In a number of cases calling upon the computer to assist in the handling of a complex design problem has resulted in the problem itself being better understood, the solution to it being greatly simplified and paradoxically the original need for the computer in some cases being virtually eliminated.

Such an example in Oxford Method has been drainage. In hospitals drainage is complex, almost every room in a hospital having at least one sanitary fitting of some kind needing to be connected to drainage. Conventionally, drainage design has required great skill and experience on the part of the designer with an ability to create three-dimensional contortions, capable of maintaining smooth, unblockable gravity flows through and around building structure and other services. In practice, drainage design in hospitals has been of a poor standard with a maintenance cost second only to painting and decorating; a natural candidate for CAD.

It was when trying to develop an algorithm to check for clashes between a circular pipe in a herringbone drainage layout, suspended to variable falls, and the variable sized steel angle diagonal members of a lattice truss, that it was realised that one was trying to solve the wrong problem.

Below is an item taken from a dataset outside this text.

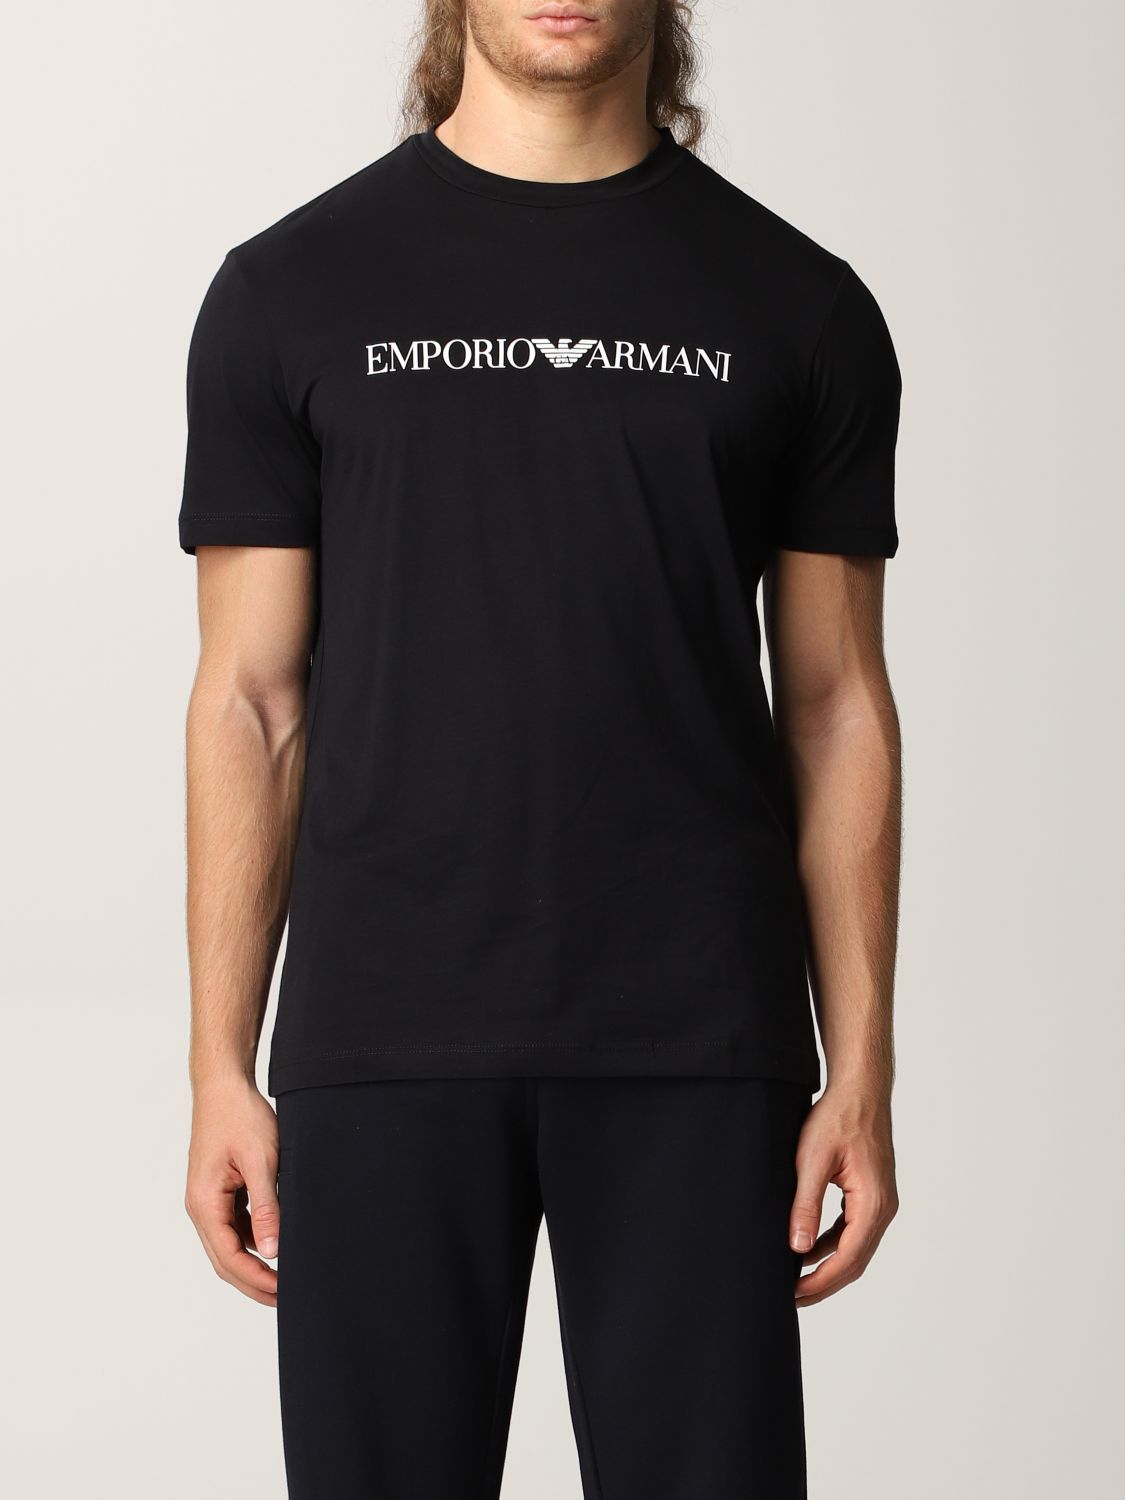 1980円 登場大人気アイテム EMPORIO ARMANI エンポリオアルマーニ Tシャツ ロゴ XL

A very systematic and intensive examination of the drainage problem was embarked upon. The result was a drainage system have an orthogonal lay-out; three pipe materials, PVC for general drainage, glass for laboratories and spun iron for very hot waste (eg kitchens); two sizes - 50mm and 100mm and a standard fall of 1:60. With a 300mm grid the pipe falls 50mm every ten grids, so the problem of calculating invert levels is simply one of counting grids. The previously intractable drainage problem, requiring the most experienced skills was reduced to a simple game, capable of being played by the least experience designer but producing superior solutions.

The same rules apply also to below-ground drainage with the added advantage that, suddenly, parallel runs of foul and surface water drains having identical falls can occupy the same trench and indeed the same mahholes, foul drains having sealed access rodding points. On a recent building a cost comparison between conventional drainage and the new system indicated a 20% cost saving.